Nominees for the awards must be comfortable identifying as a feminist and must live or work in NSW or the ACT as Edna did during her lifetime. A panel reviews all nominations and the awards are presented on an annual basis at an evening social event. Since their inception the awards have recognised many high-profile Australian women for their feminist activity, including Eva Cox, Meredith Burgmann, Susan Ryan, Anne Summers, Wendy McCarthy, Jane Caro and Sally McManus. However, many of the recipients have been tireless advocates for women's rights who worked as community activists over a long period with very little other reward or recognition.
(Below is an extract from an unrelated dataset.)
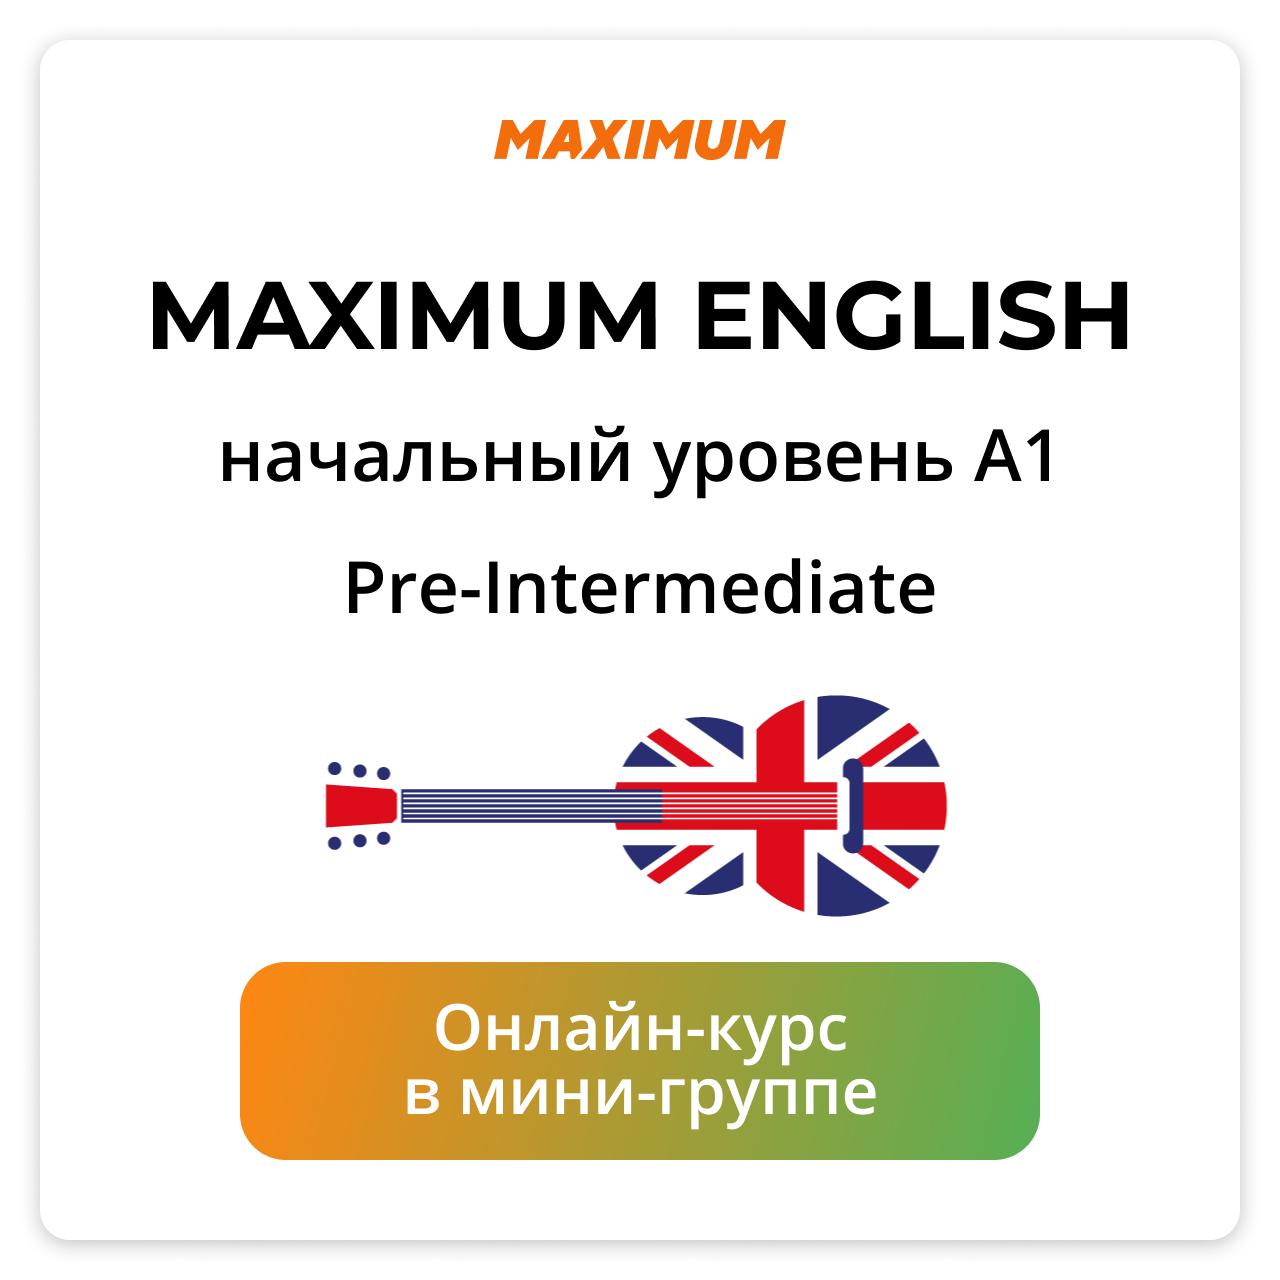 Курсы Английского языка (Pre-Intermediate) A1 Онлайн Мини-группа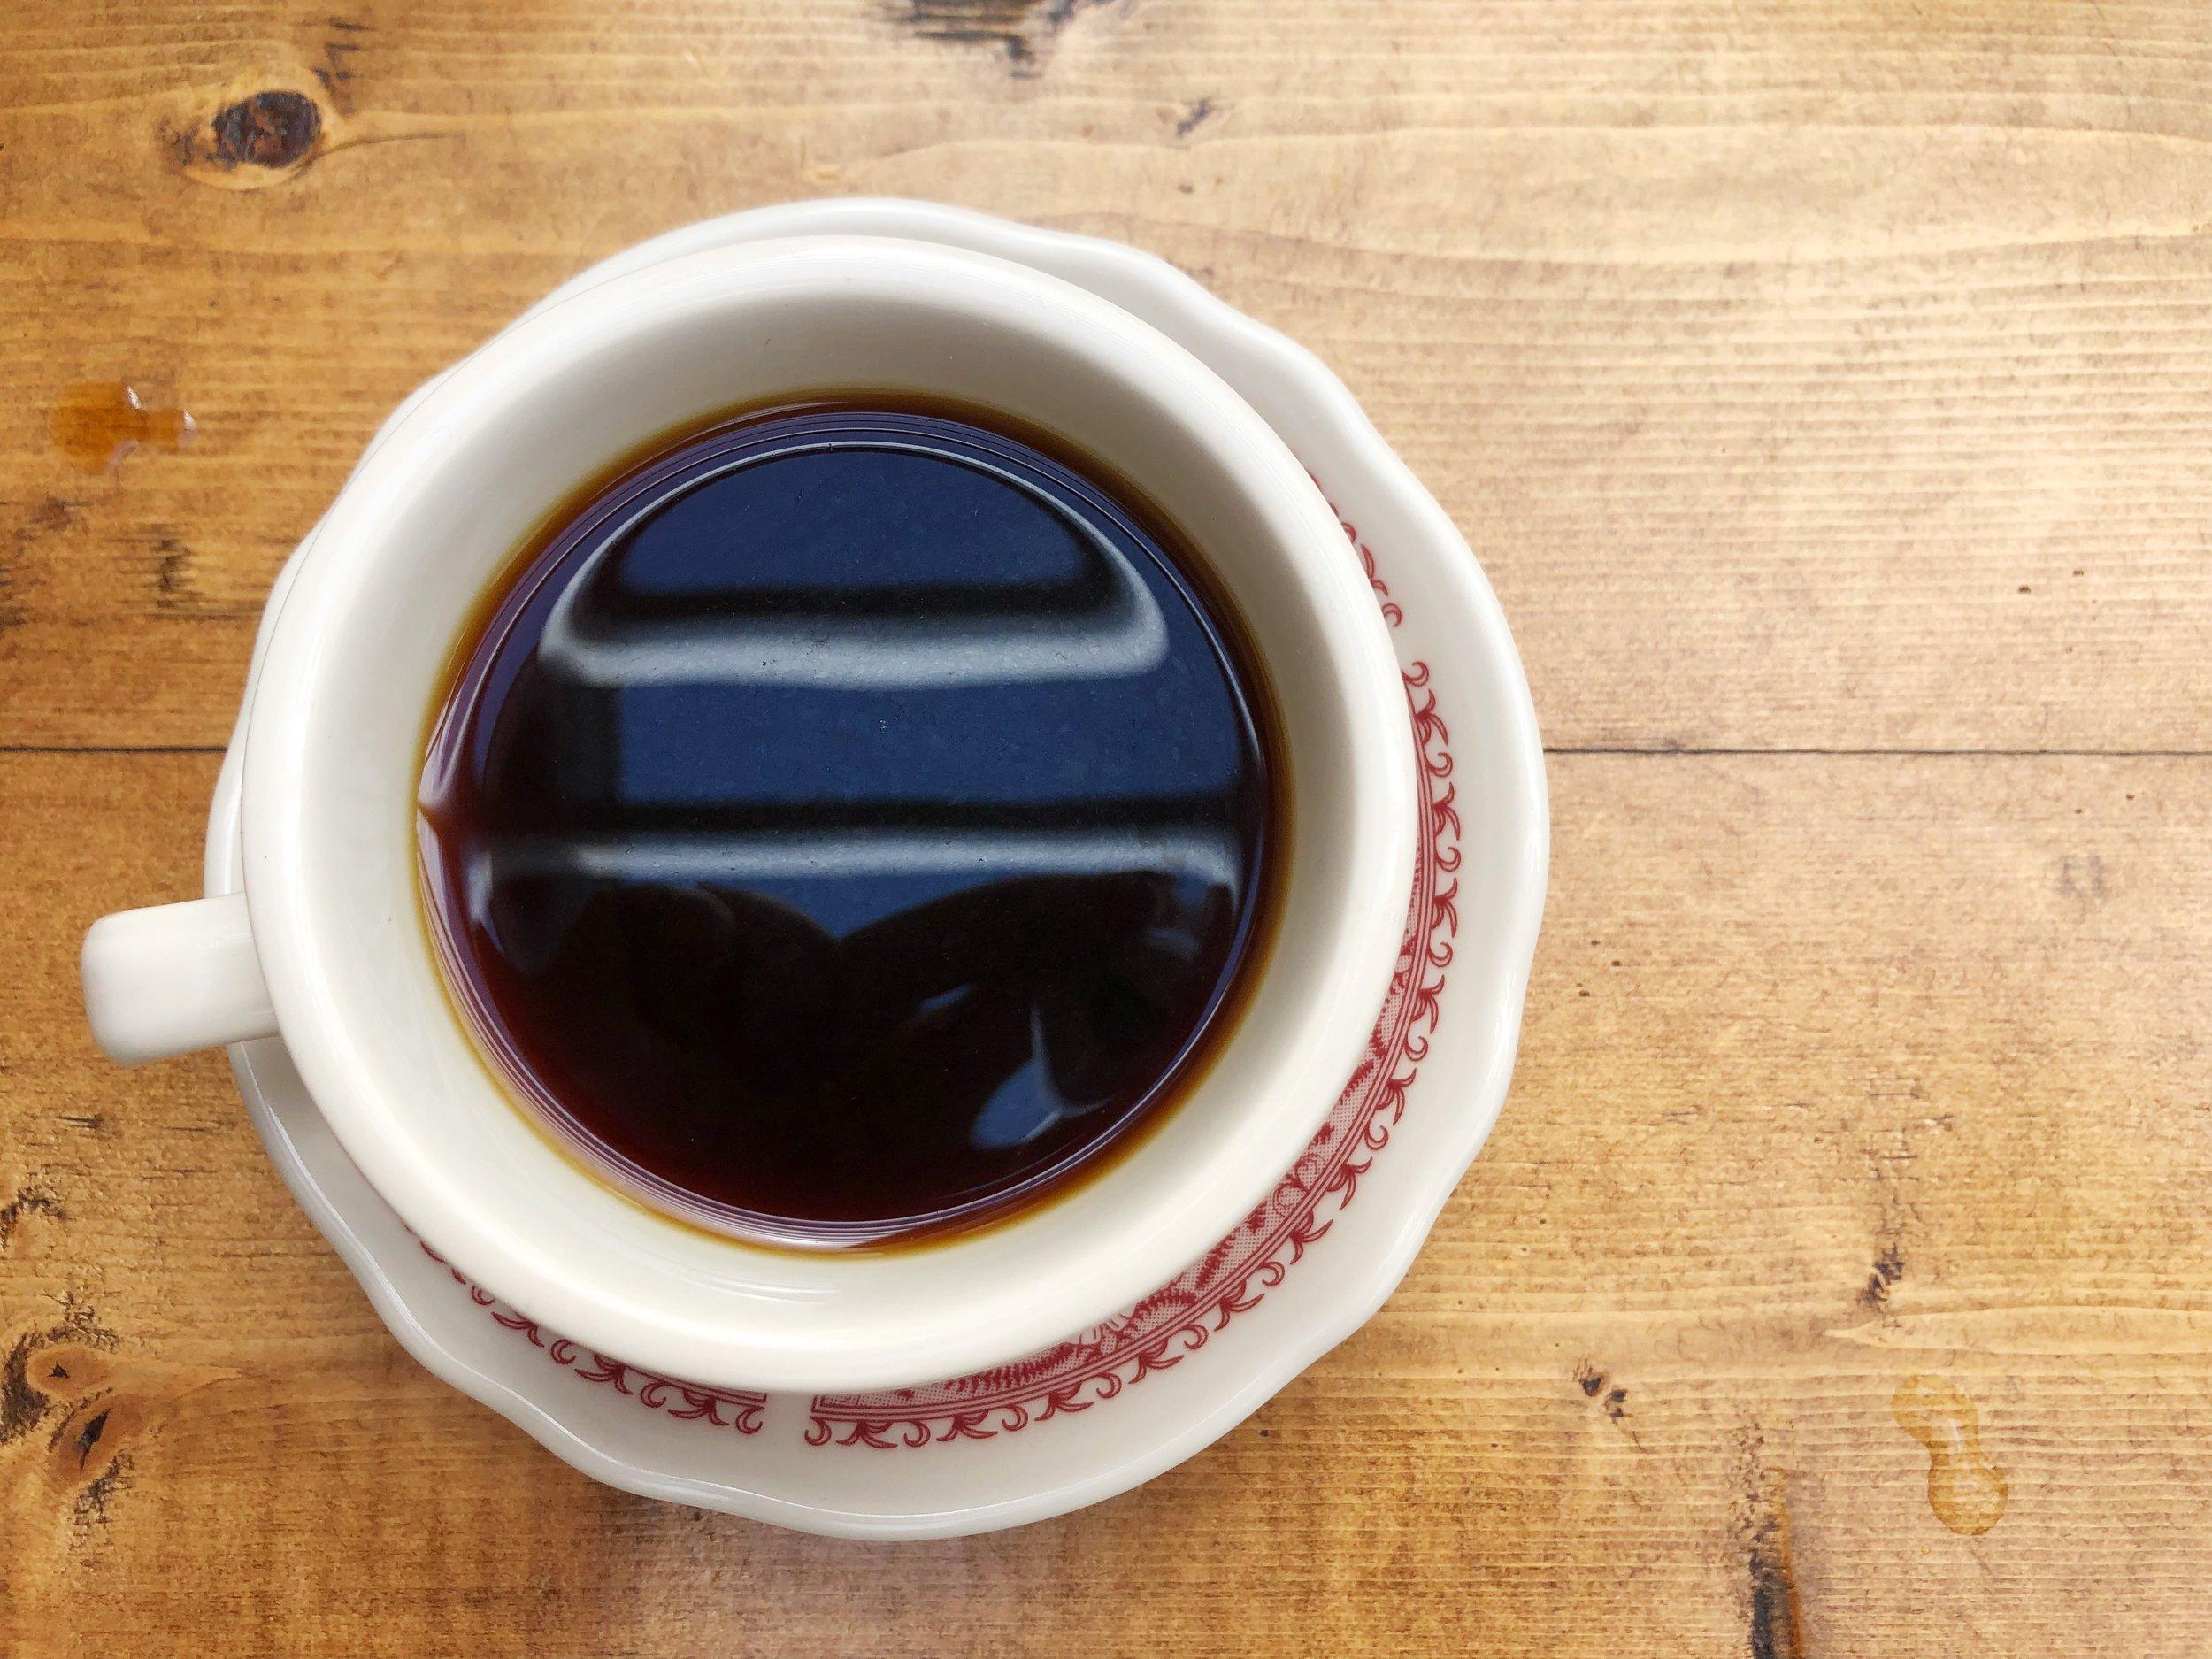 haberdish-noda-charlotte-nc-brunch-coffee

The award categories can vary but in recent years there have been awards in many fields including workforce, government, arts, community activism, media/communications, leadership, mentoring, sport and education. The awards are not intended as simply recognition of women who are successful in their own field, but require evidence that their achievements or actions have made a feminist difference by improving the lives and status of women within the community. There is also a Grand Stirrer award for inciting others to challenge the status quo.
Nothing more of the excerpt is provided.